>>>
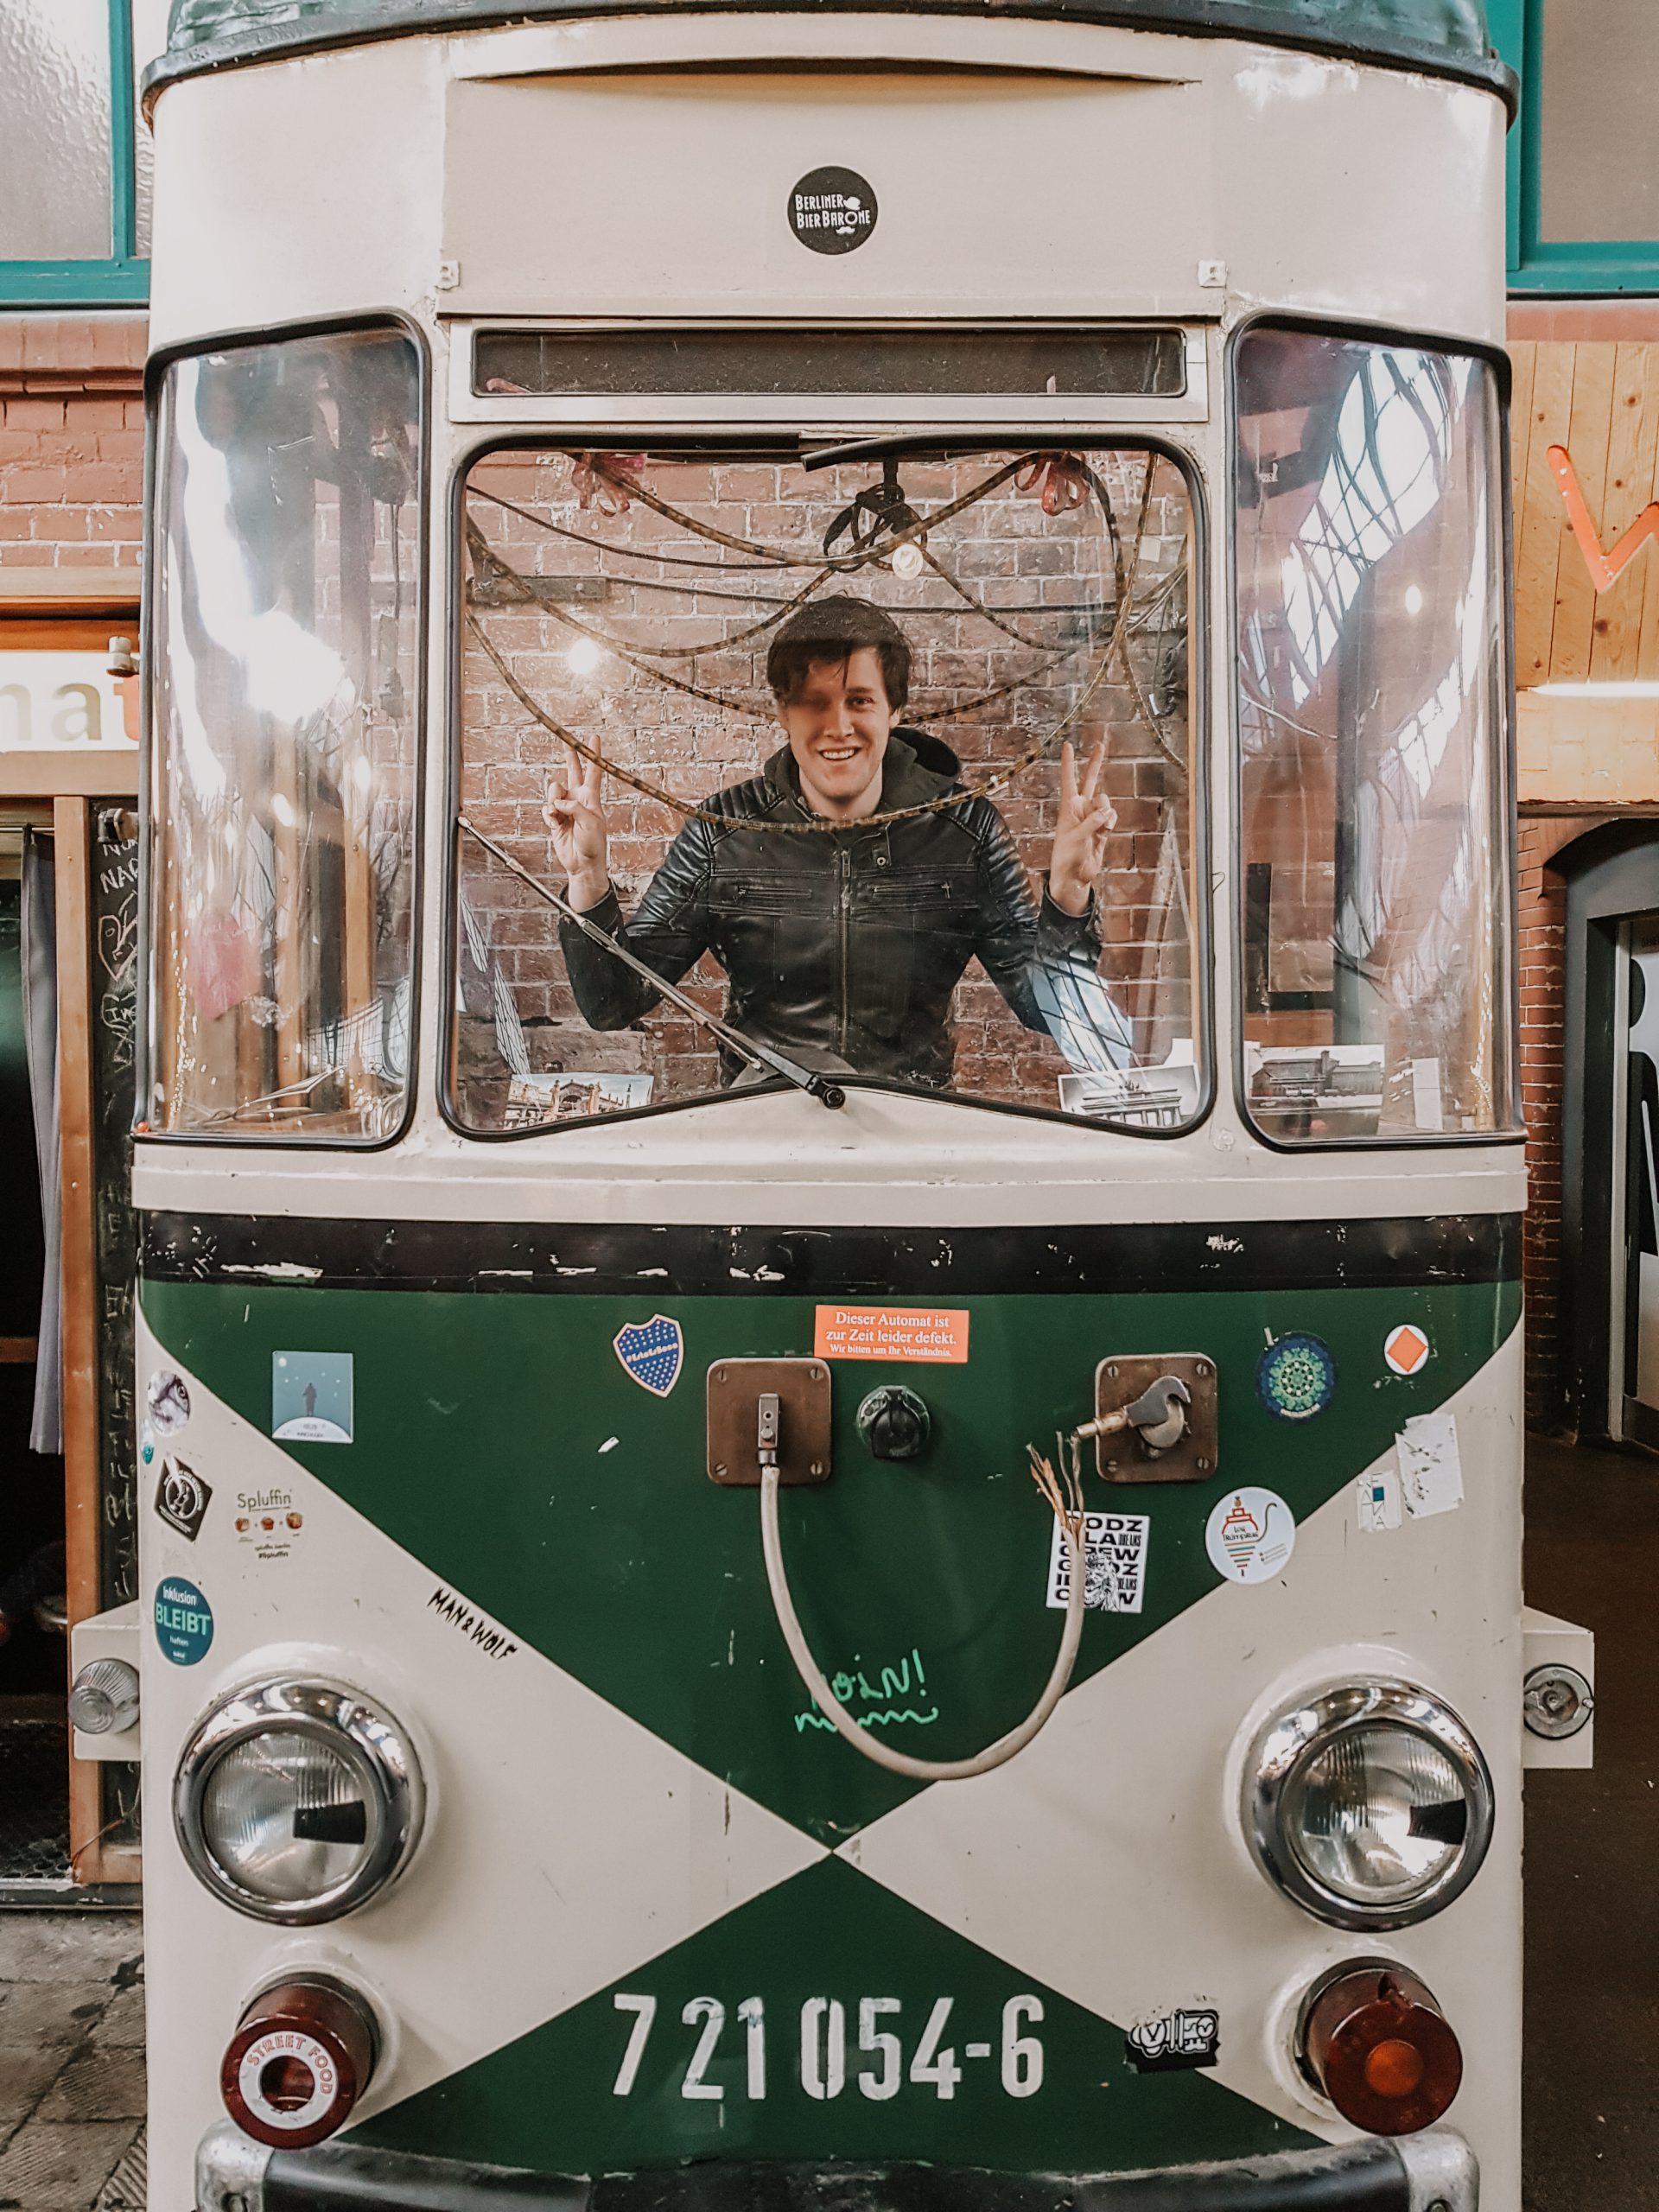 Markthalle Neun Tram
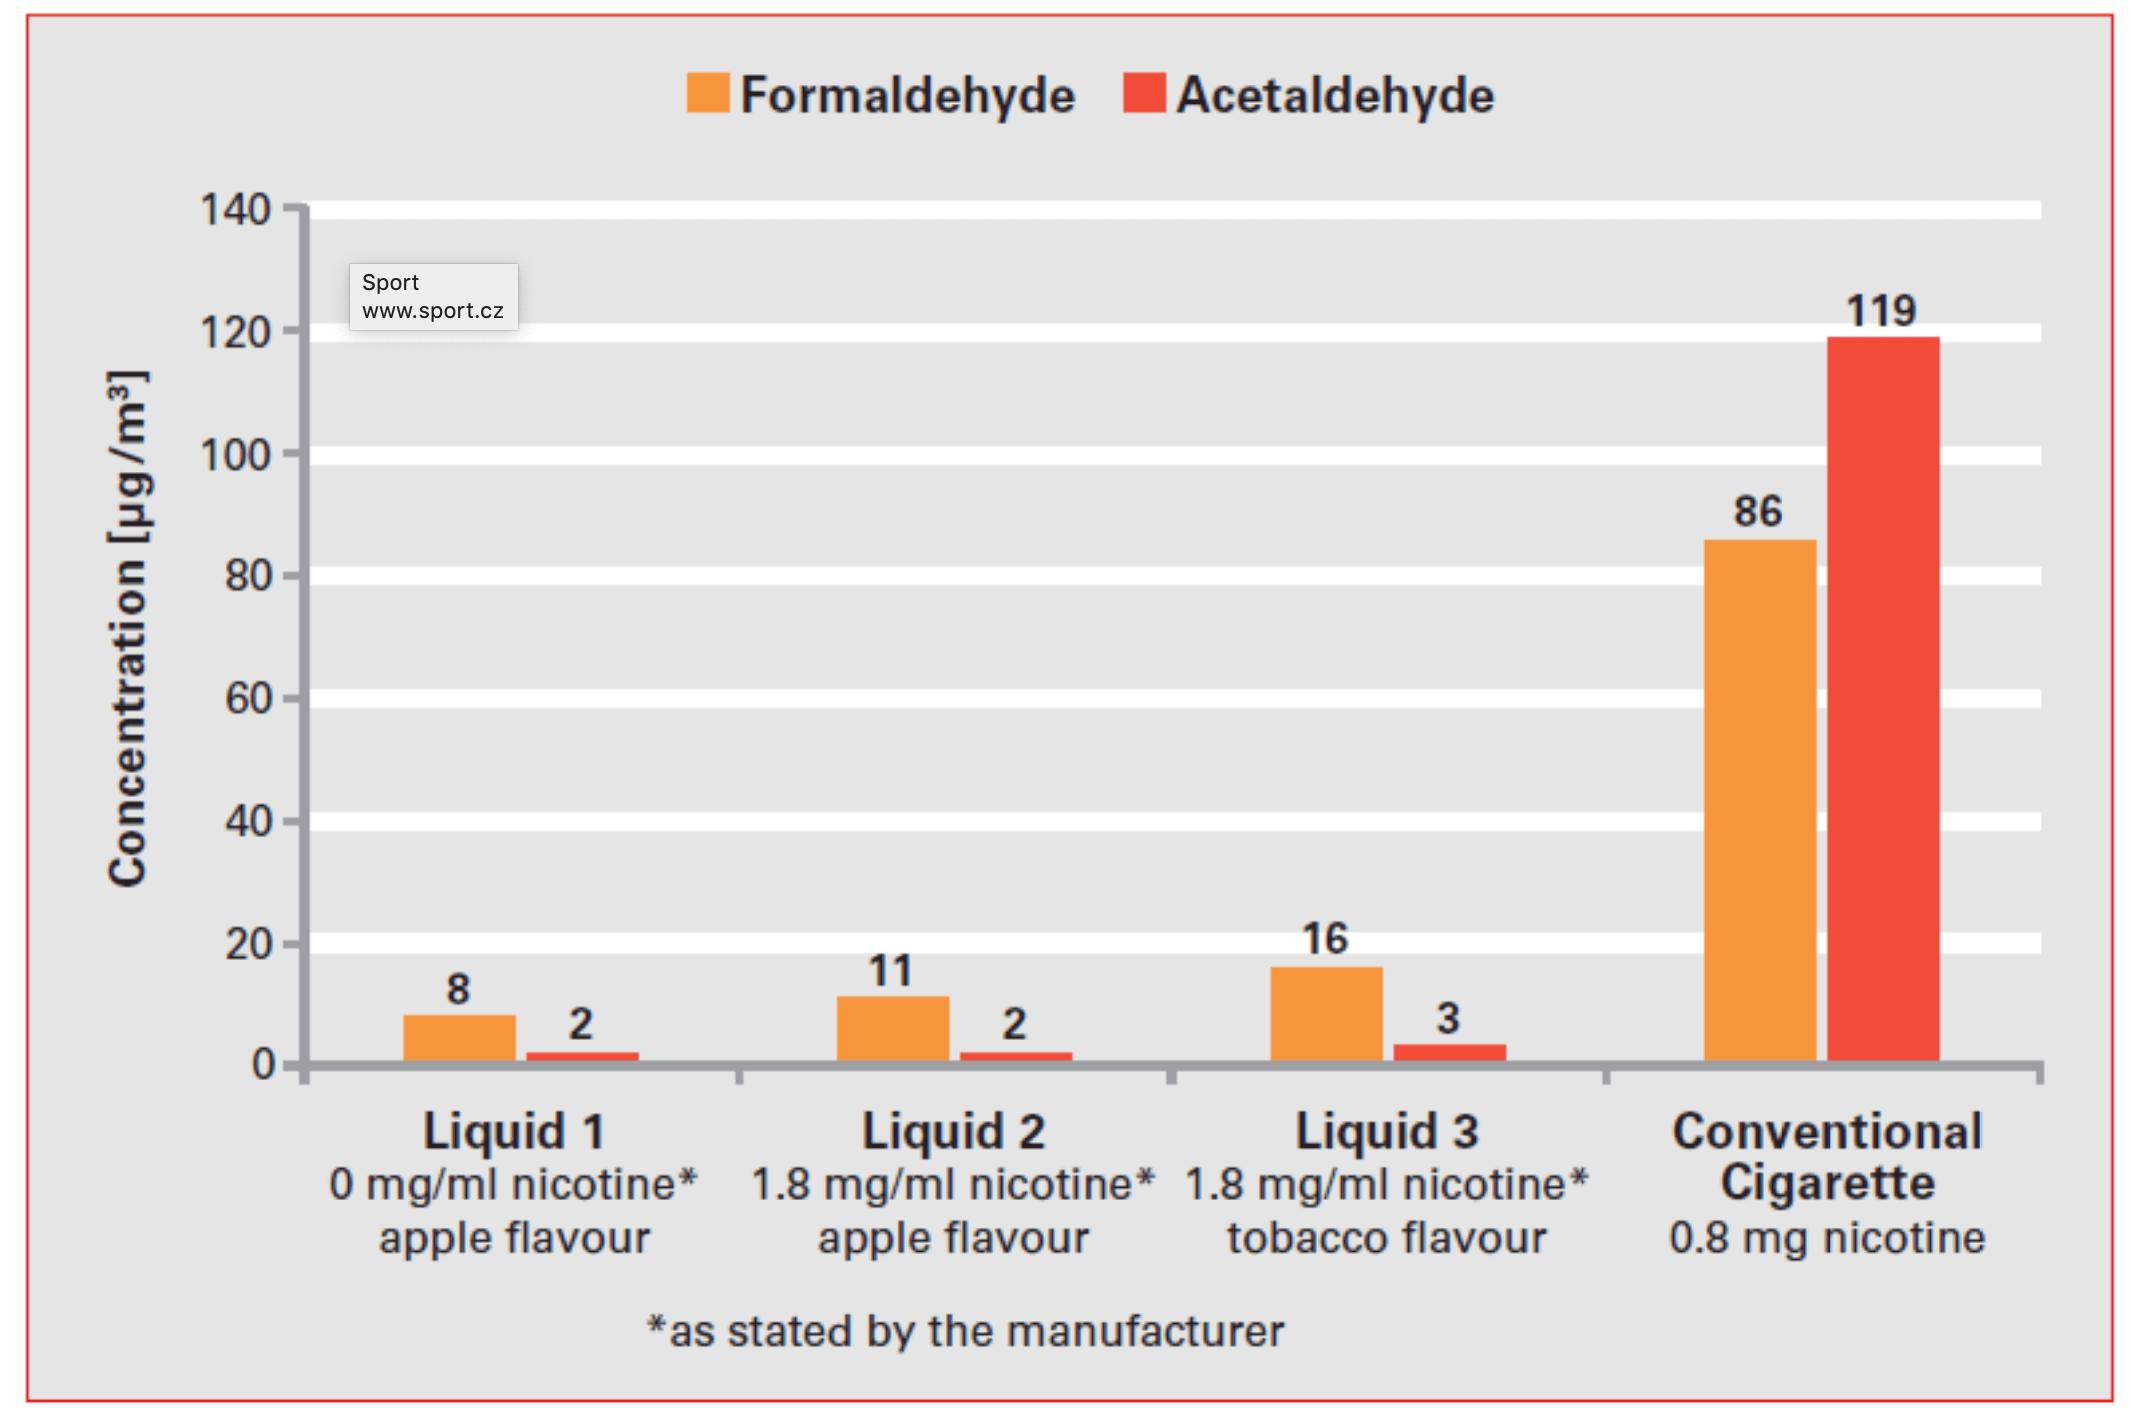 Graf 1: Koncentrace formaldehydu a acetaldehydu ve vnitřním vzduchu po použití elektronické cigarety naplněné různými e-liquidy a po klasické cigaretě.
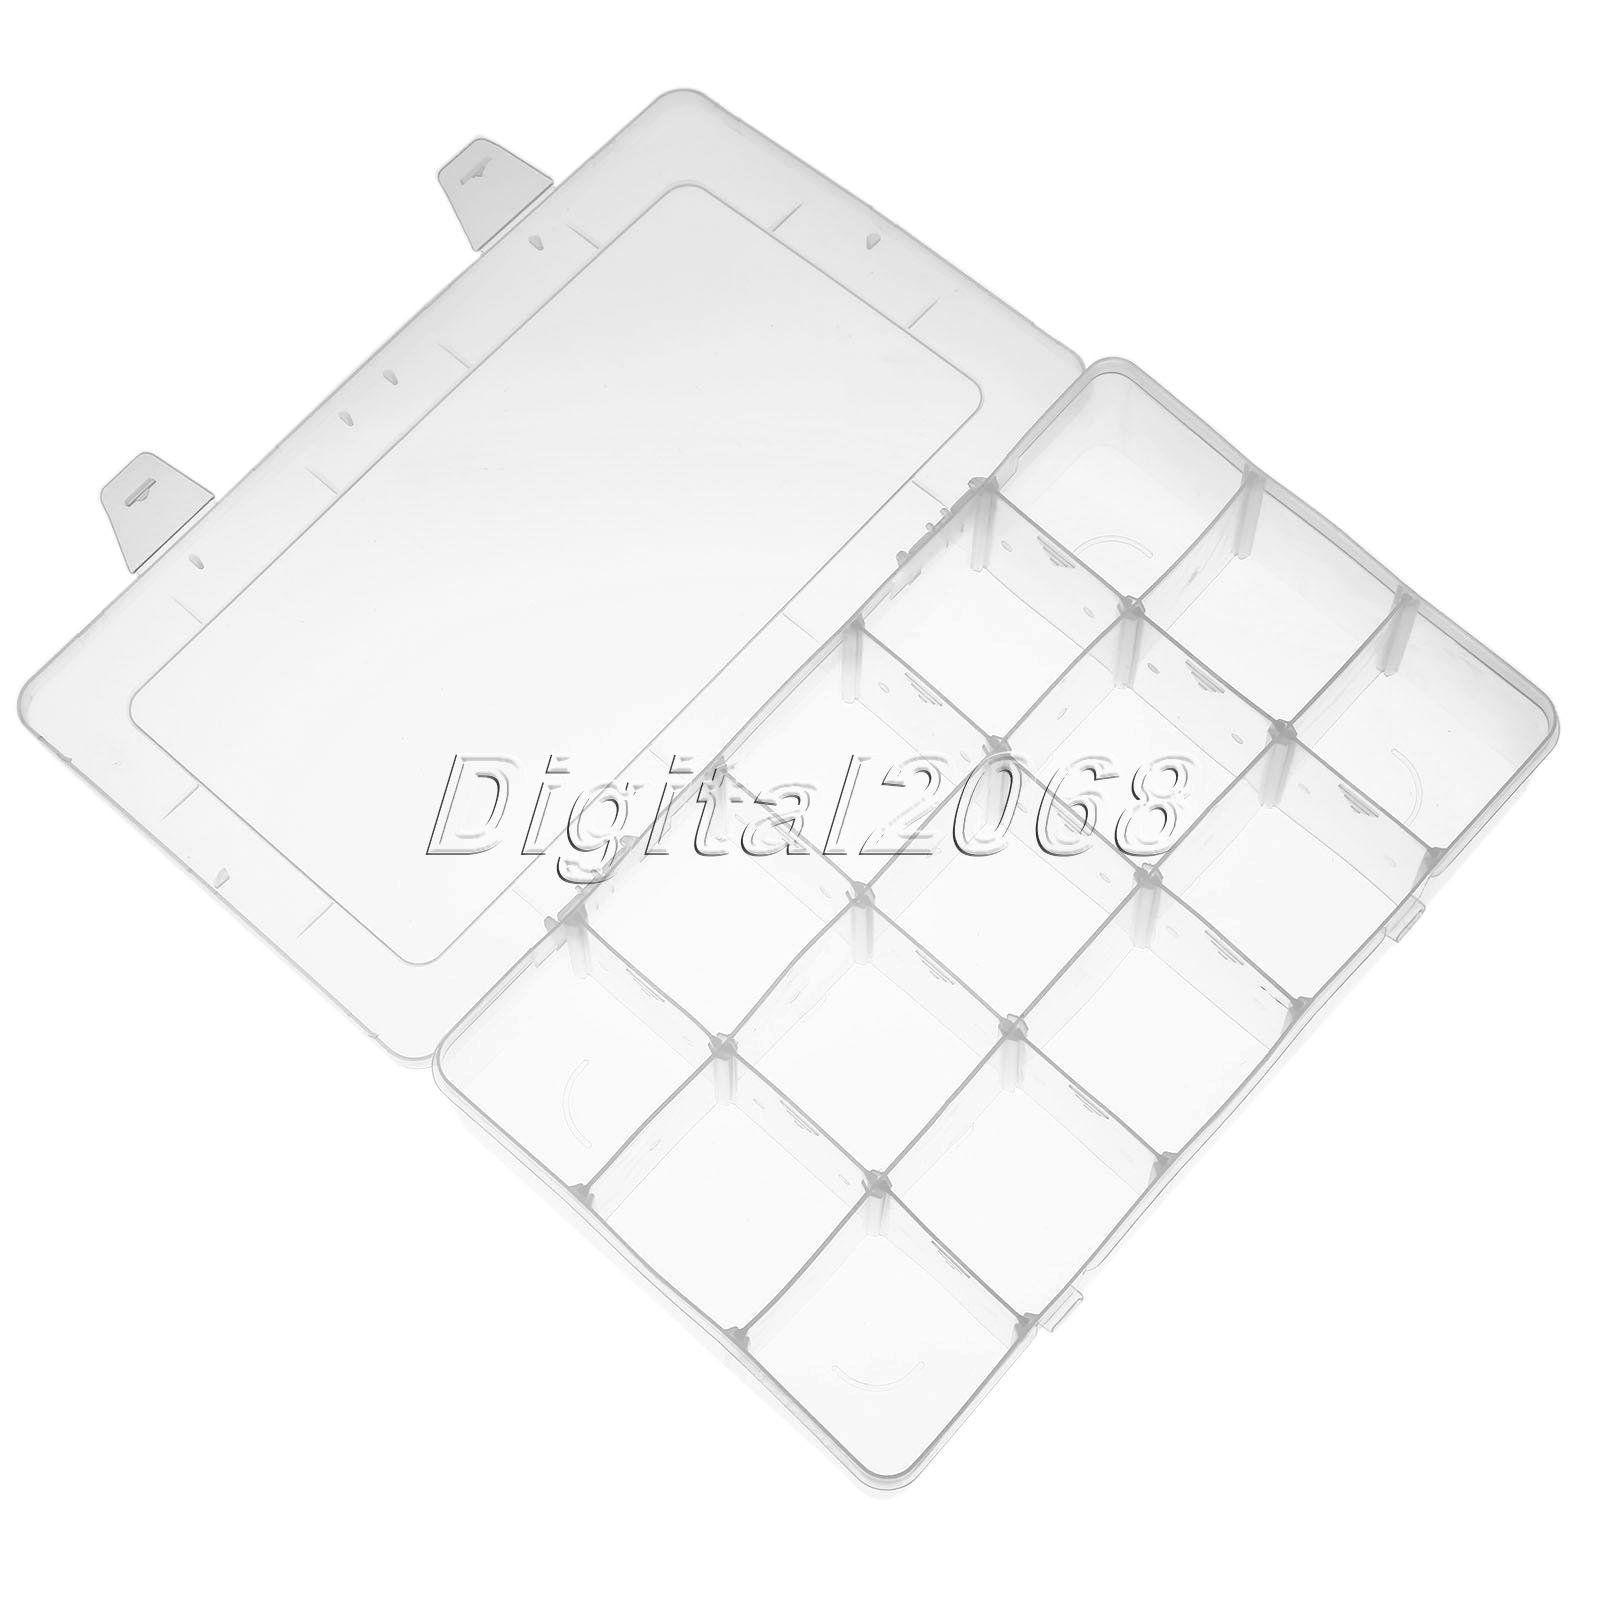 Ясно Органайзеры для шкафов 15 слотов Отсек Ящик для хранения ювелирных изделий Бусины серьги косметические кнопку Винт Пластик 27x16x5.5 см
<<<
■ Aim of the exercise: Keep the pictures out of the copy and write out the data exactly as it stands.

■ Solved problem:
 Markthalle Neun Tram
 Graf 1: Koncentrace formaldehydu a acetaldehydu ve vnitřním vzduchu po použití elektronické cigarety naplněné různými e-liquidy a po klasické cigaretě.
 Ясно Органайзеры для шкафов 15 слотов Отсек Ящик для хранения ювелирных изделий Бусины серьги косметические кнопку Винт Пластик 27x16x5.5 см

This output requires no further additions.